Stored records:
* * *

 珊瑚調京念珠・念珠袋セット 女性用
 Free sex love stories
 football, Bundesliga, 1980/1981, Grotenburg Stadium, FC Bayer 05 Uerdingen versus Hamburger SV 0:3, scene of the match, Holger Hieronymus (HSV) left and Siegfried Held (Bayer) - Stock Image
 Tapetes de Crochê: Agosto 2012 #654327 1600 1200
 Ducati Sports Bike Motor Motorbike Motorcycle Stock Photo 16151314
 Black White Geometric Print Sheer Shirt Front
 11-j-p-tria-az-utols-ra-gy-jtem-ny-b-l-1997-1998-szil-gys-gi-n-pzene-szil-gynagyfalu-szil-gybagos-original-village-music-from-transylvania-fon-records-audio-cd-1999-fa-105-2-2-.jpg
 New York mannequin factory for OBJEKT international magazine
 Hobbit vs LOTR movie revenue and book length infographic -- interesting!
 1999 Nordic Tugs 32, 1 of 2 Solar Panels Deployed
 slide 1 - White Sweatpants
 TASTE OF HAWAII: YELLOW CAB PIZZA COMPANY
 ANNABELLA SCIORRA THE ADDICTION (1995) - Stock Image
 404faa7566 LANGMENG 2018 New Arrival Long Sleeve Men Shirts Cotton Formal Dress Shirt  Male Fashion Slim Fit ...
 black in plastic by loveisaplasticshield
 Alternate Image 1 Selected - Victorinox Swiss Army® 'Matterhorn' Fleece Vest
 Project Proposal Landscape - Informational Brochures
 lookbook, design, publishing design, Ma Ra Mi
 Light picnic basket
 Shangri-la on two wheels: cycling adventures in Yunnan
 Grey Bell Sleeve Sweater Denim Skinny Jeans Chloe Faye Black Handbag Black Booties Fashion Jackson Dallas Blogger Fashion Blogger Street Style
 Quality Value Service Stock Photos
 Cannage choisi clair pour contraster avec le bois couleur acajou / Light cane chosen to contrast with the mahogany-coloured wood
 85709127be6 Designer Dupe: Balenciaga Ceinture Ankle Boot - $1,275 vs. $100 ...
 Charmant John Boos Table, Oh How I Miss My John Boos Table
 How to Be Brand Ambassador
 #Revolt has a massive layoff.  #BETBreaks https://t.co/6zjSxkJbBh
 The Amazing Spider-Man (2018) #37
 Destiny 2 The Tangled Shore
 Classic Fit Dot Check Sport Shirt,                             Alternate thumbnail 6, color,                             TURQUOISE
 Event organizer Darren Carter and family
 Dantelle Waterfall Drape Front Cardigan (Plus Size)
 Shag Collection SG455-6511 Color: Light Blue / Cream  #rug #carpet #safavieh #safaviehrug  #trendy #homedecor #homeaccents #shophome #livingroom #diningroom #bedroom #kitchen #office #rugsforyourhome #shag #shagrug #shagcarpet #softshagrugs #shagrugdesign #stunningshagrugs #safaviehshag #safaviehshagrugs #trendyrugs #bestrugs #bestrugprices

* * *

**TASK INSTRUCTIONS:** The reply should consist solely of the lines above from the one that has "404faa7566 LANGMENG 2018" through the one that has "Destiny 2 The Tangled Shore", reproduced exactly.

**REPLY:**
 404faa7566 LANGMENG 2018 New Arrival Long Sleeve Men Shirts Cotton Formal Dress Shirt  Male Fashion Slim Fit ...
 black in plastic by loveisaplasticshield
 Alternate Image 1 Selected - Victorinox Swiss Army® 'Matterhorn' Fleece Vest
 Project Proposal Landscape - Informational Brochures
 lookbook, design, publishing design, Ma Ra Mi
 Light picnic basket
 Shangri-la on two wheels: cycling adventures in Yunnan
 Grey Bell Sleeve Sweater Denim Skinny Jeans Chloe Faye Black Handbag Black Booties Fashion Jackson Dallas Blogger Fashion Blogger Street Style
 Quality Value Service Stock Photos
 Cannage choisi clair pour contraster avec le bois couleur acajou / Light cane chosen to contrast with the mahogany-coloured wood
 85709127be6 Designer Dupe: Balenciaga Ceinture Ankle Boot - $1,275 vs. $100 ...
 Charmant John Boos Table, Oh How I Miss My John Boos Table
 How to Be Brand Ambassador
 #Revolt has a massive layoff.  #BETBreaks https://t.co/6zjSxkJbBh
 The Amazing Spider-Man (2018) #37
 Destiny 2 The Tangled Shore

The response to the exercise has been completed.